Storage for Kubernetes: Getting to the Bottom of Persistent Volumes
Where would software development be in 2022 without Kubernetes? Containers and K8s have truly been game-changers. Unless you’re still reminiscing about the good old days of cgroups I don’t think anyone would say otherwise. But that’s not to say that containers and K8s don’t come without their own challenges and potential pitfalls.
One of the often-overlooked frustrations with using containers is storage, or more specifically how to use legacy storage architectures that are complex and lack the API functionality to support modern automation.
The default storage for containers are ephemeral, which means that you cannot retrieve data in a later session, as the data dissipates along with the volume once the container is turned off.
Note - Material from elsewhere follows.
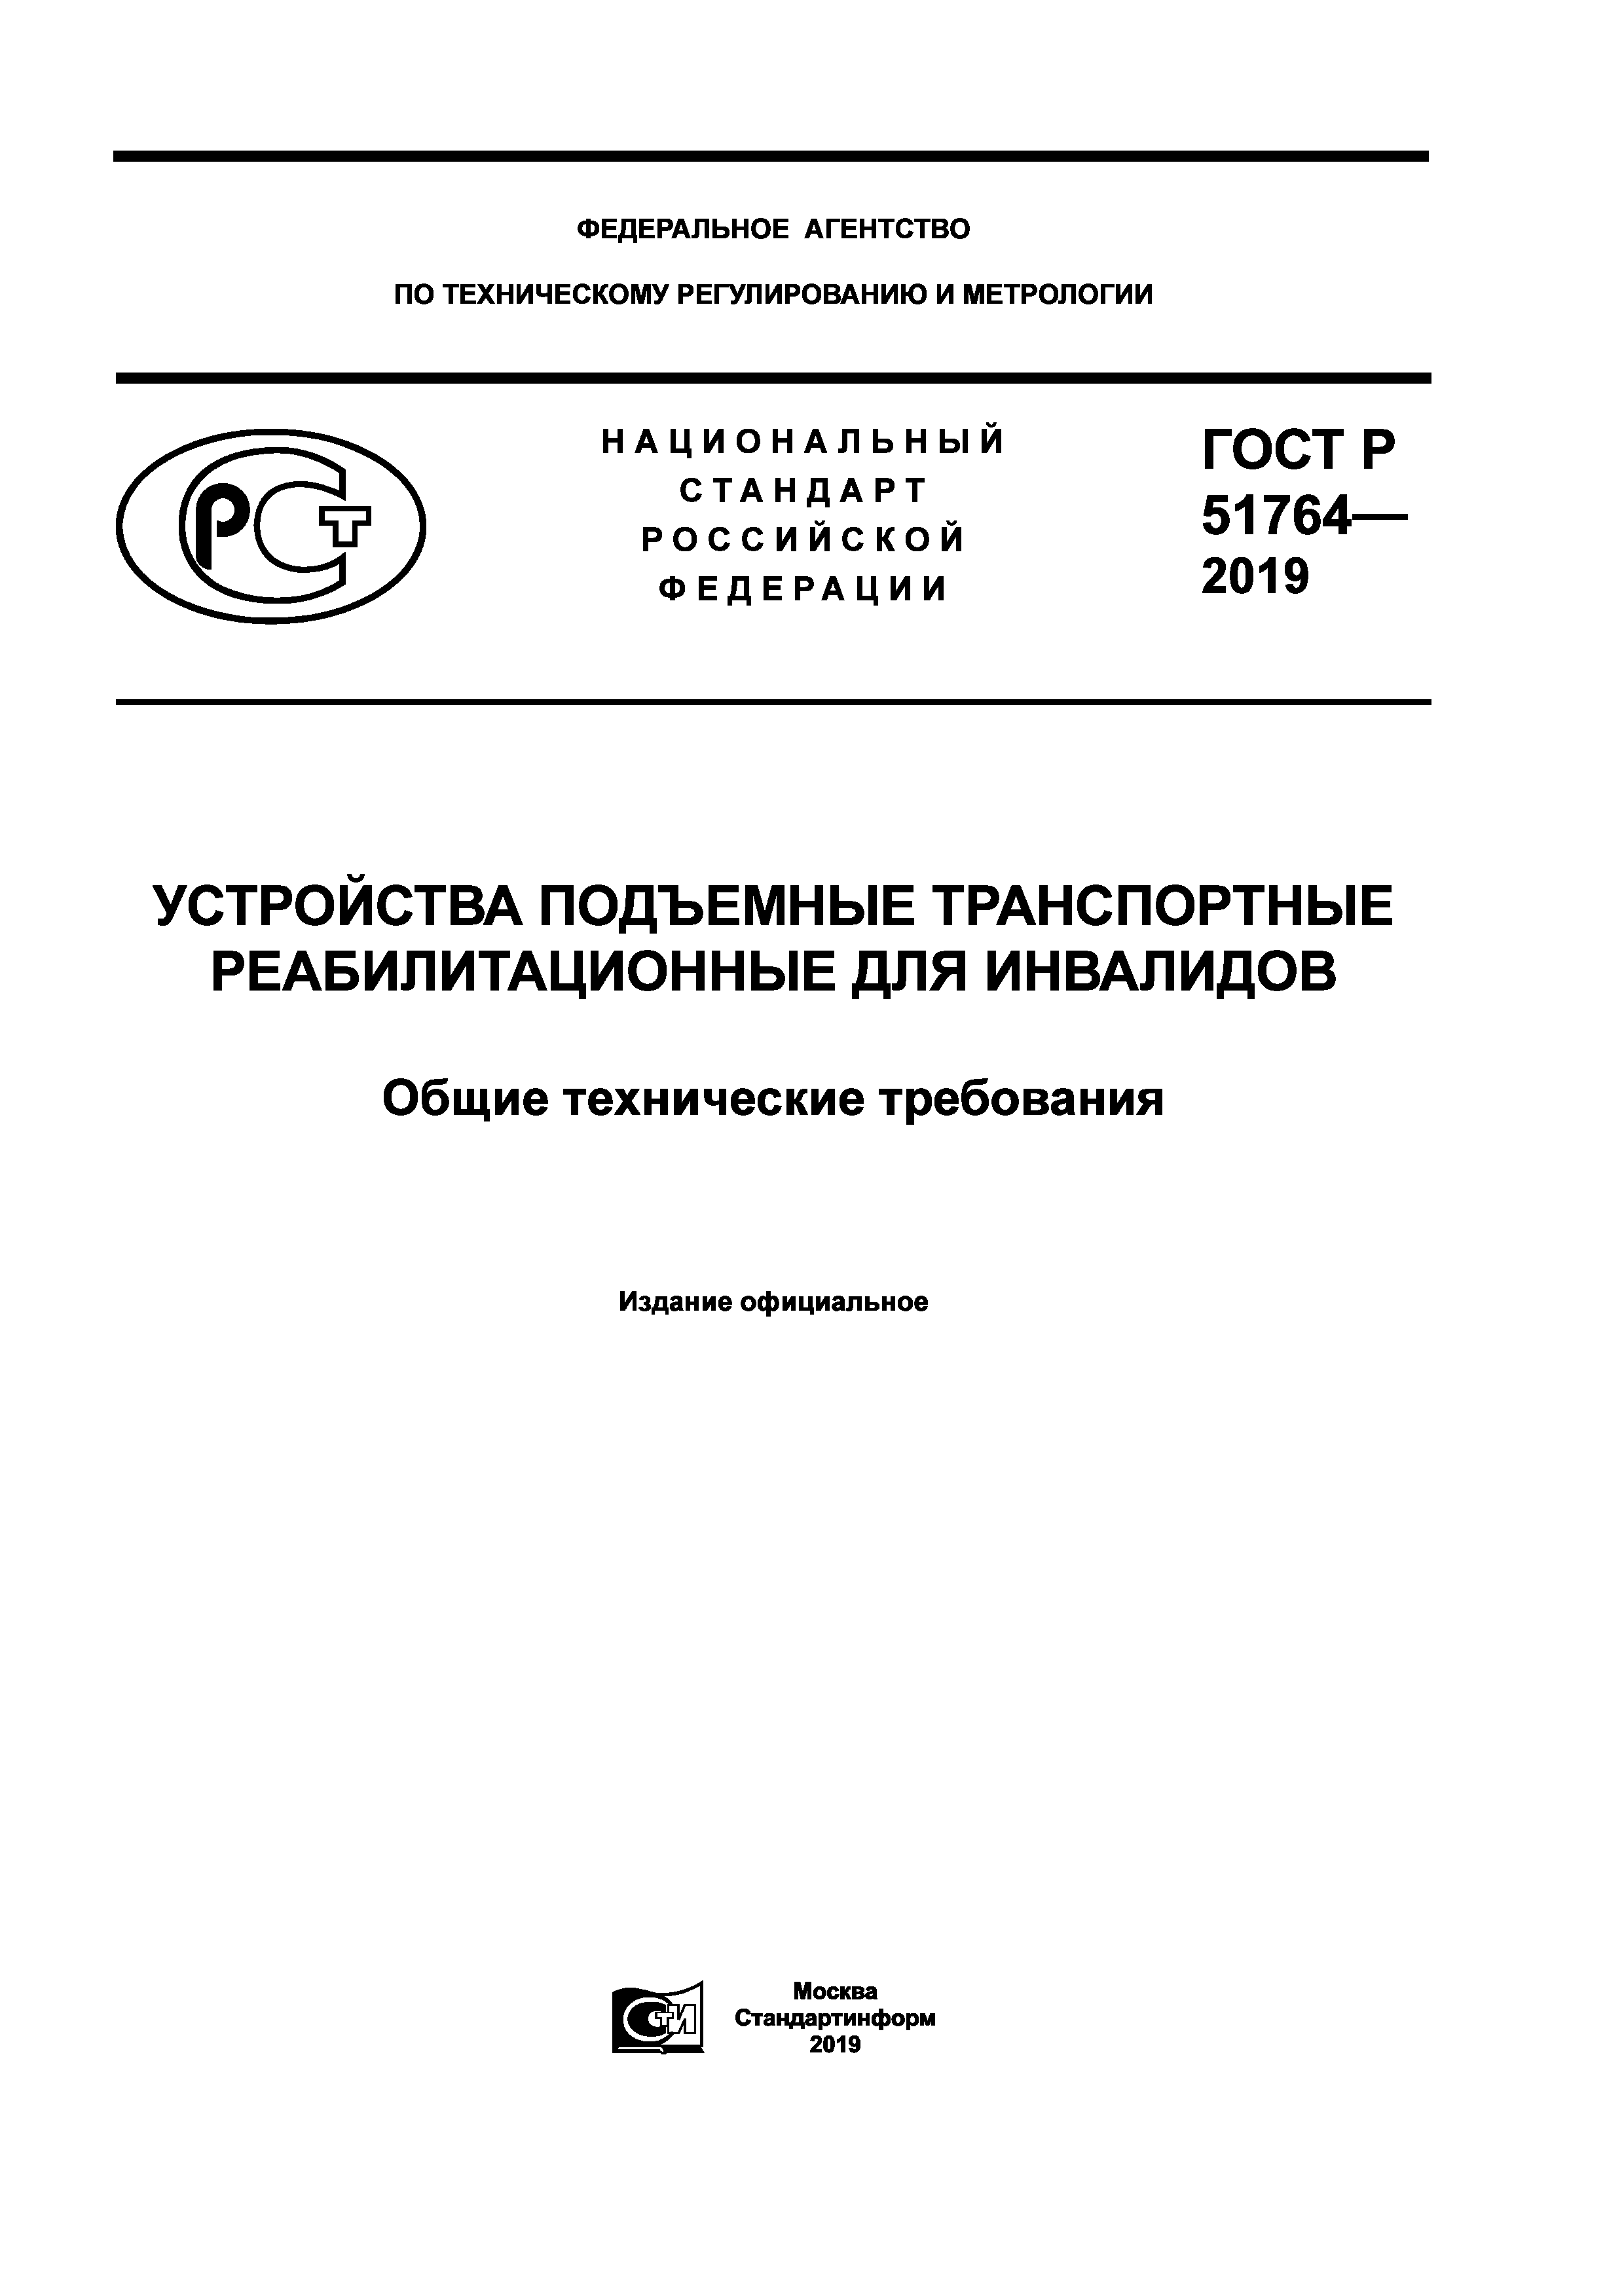 ГОСТ Р 51764-2019

While there is a range of solutions to ensure persistence, some lack the functionality to support automation while others are limited in elasticity and aren’t equipped to withstand large fluctuations in data.
In this article, we review the commonly used options for data persistence but then dig a little deeper to discover storage solutions that are more dynamic and offer greater elasticity. With the aim of getting better data consistency and improved performance, we look into the ideal cloud storage solution for your containerized environments.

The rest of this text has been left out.